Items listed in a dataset
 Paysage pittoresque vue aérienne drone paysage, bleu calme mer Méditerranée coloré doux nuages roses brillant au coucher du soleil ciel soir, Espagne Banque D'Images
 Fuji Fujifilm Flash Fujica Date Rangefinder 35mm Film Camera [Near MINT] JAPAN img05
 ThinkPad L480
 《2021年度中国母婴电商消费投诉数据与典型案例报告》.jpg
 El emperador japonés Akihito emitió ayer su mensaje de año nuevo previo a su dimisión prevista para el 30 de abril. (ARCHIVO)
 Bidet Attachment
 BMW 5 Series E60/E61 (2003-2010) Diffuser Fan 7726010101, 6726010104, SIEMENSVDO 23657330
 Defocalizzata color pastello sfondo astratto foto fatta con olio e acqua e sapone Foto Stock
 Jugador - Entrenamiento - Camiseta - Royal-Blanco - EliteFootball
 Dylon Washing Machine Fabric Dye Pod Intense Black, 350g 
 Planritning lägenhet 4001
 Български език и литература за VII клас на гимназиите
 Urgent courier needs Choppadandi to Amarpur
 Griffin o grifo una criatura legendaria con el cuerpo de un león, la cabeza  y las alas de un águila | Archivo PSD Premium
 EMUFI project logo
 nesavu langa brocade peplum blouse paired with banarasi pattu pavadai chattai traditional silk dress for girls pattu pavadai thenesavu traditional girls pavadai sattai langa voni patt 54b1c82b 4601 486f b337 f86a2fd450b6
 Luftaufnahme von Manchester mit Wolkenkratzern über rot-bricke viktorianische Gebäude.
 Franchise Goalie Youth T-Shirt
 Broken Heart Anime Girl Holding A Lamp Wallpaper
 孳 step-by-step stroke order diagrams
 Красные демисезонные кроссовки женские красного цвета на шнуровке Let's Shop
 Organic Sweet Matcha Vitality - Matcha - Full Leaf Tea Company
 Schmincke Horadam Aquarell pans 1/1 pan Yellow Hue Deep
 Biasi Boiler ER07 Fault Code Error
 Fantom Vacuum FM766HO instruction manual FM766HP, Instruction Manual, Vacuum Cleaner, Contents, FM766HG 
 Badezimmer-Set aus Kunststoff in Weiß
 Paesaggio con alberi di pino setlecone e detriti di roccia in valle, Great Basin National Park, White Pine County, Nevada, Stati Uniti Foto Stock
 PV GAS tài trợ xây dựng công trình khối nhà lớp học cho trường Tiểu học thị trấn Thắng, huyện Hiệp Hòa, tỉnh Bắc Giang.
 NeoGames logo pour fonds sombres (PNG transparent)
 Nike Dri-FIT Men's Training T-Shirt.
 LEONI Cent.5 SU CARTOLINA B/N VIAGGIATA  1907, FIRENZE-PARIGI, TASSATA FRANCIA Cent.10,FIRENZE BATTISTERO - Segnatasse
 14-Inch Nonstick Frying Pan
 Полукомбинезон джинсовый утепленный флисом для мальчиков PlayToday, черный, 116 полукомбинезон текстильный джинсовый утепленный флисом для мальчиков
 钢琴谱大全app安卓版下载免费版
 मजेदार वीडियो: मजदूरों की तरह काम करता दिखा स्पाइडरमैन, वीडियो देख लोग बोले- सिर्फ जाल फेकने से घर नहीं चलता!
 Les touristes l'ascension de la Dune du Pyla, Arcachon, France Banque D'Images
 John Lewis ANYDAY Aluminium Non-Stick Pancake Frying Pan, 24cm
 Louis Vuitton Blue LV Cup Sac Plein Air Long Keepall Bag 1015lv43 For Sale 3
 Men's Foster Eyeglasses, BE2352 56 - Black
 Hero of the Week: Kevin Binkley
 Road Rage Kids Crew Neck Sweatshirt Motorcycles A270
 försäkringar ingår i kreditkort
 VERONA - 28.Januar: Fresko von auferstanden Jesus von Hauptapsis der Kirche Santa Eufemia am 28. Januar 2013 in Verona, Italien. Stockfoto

*What the exercise asks*.
The lines to copy run from the first line of the entries to the line containing "Planritning lägenhet 4001"; copy them exactly and output nothing else.

*Problem solution*.
 Paysage pittoresque vue aérienne drone paysage, bleu calme mer Méditerranée coloré doux nuages roses brillant au coucher du soleil ciel soir, Espagne Banque D'Images
 Fuji Fujifilm Flash Fujica Date Rangefinder 35mm Film Camera [Near MINT] JAPAN img05
 ThinkPad L480
 《2021年度中国母婴电商消费投诉数据与典型案例报告》.jpg
 El emperador japonés Akihito emitió ayer su mensaje de año nuevo previo a su dimisión prevista para el 30 de abril. (ARCHIVO)
 Bidet Attachment
 BMW 5 Series E60/E61 (2003-2010) Diffuser Fan 7726010101, 6726010104, SIEMENSVDO 23657330
 Defocalizzata color pastello sfondo astratto foto fatta con olio e acqua e sapone Foto Stock
 Jugador - Entrenamiento - Camiseta - Royal-Blanco - EliteFootball
 Dylon Washing Machine Fabric Dye Pod Intense Black, 350g 
 Planritning lägenhet 4001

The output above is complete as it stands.